As Google became progressively more powerful, more and more people began trying to manipulate Google's "organic" search results. That aim has spawned a whole industry — search engine optimization — and in fact resulted in more manipulated links (some would say "spam") on results pages.

Now Google is considering implementing a new approach to ranking news search results that could potentially, equally be used to determine the relevance of ordinary search results and improve their quality.

This is probably old news to "geeks," but news to us "suits." (And there's already been a great deal of "grassroots" criticism of the move as favoring corporate media such as CNN vs. bloggers.)

Currently, Google uses a proprietary technology called "PageRank," which, according to Google, "relies on the uniquely democratic nature of the web by using its vast link structure as an indicator of an individual page's value."

In other words, popularity is the primary determiner of relevance.
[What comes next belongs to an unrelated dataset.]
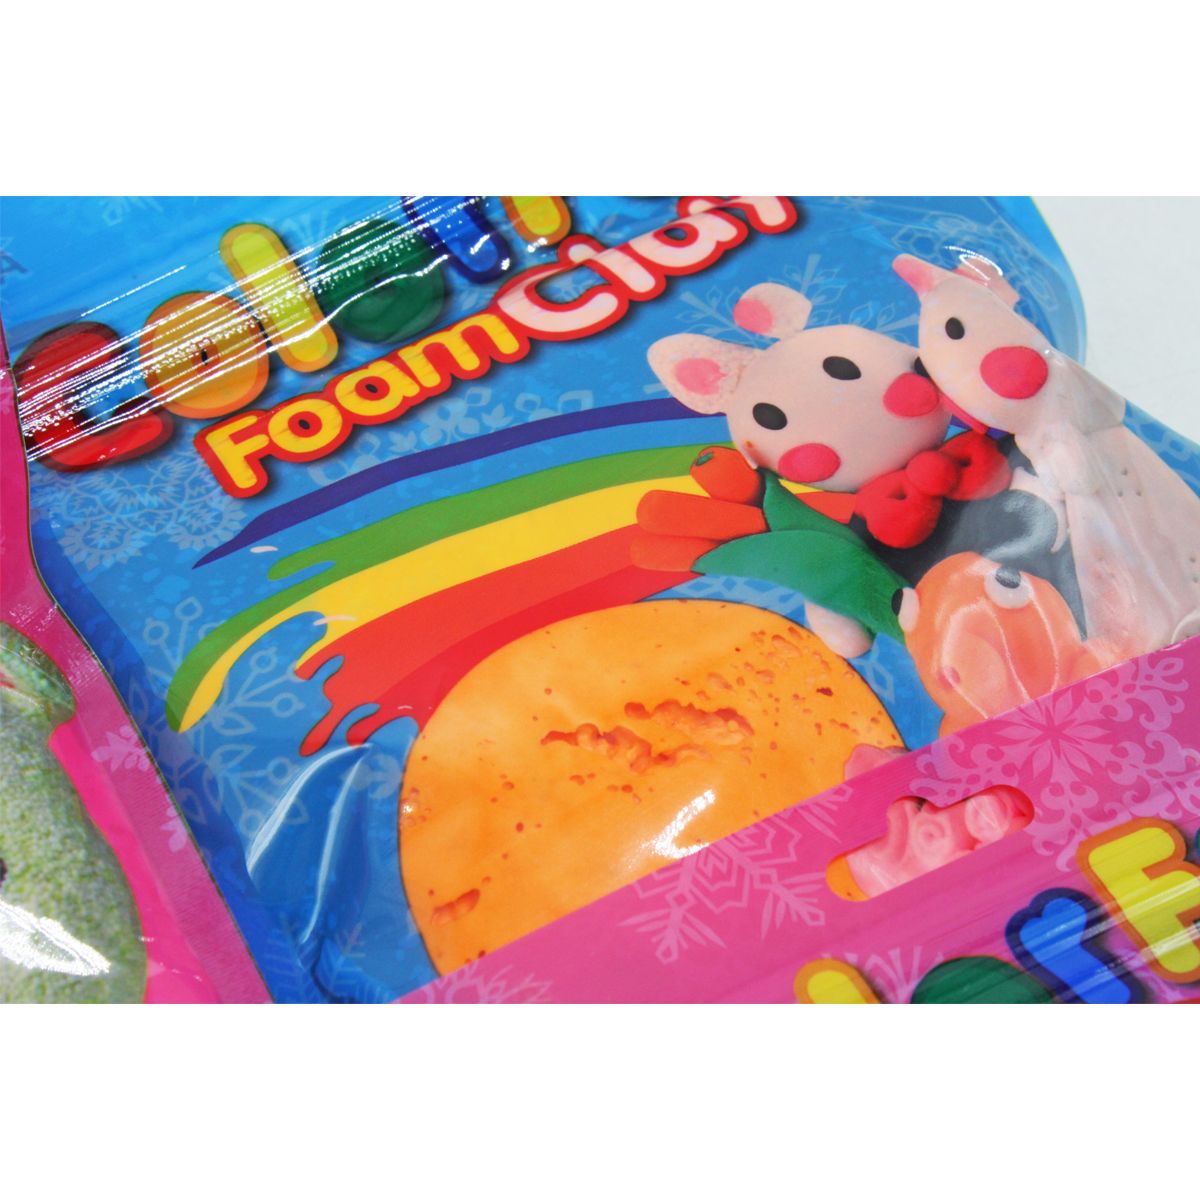 Воздушный пластилін у пакетах "Color Fun" (6 пакетов)
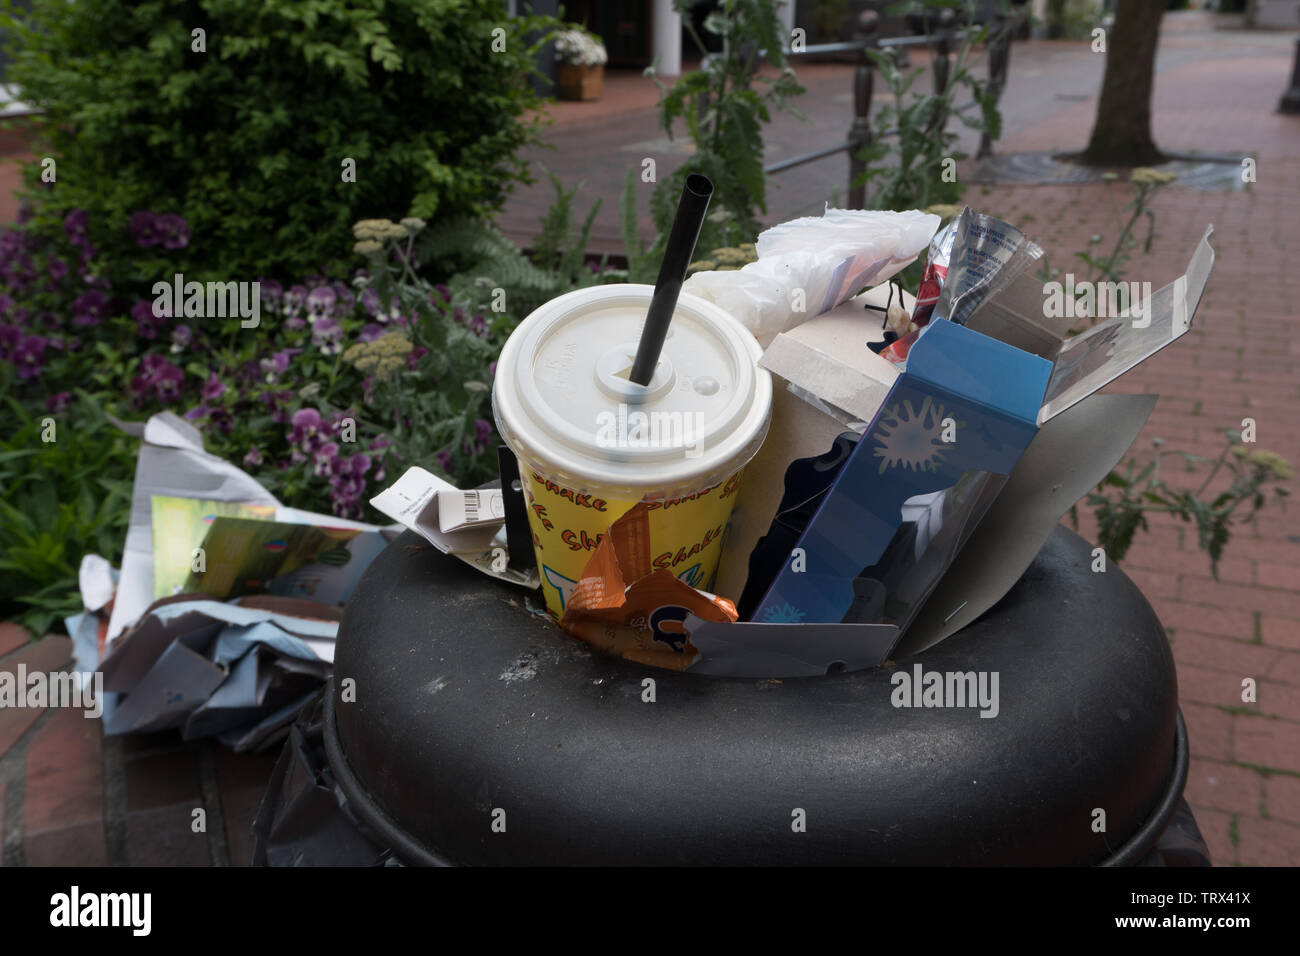 Rubbish in overflowing public bin. Wittmund. East Frisia. Germany Stock Photo

And while Google tweaks the algorithm to keep it from being totally manipulable, SEOs have done a good job of keeping up with Google.

The news search algorithm would weight different factors (going to quality and credibility) rather than pure popularity. That weighted approach could be applied to general Web search — although I don't profess to know anything about how that would work "under the hood." And I would imagine that's what will eventually happen after Google test drives the system in news.

A conceptually similar "weighted" approach is what is being used by Openlist (formerly Local-i) in their local search algorithm.

Such a weighted approach might successfully prevent gaming Google's search results in the future, while boosting their quality. It's really a question of what gets weighted/emphasized.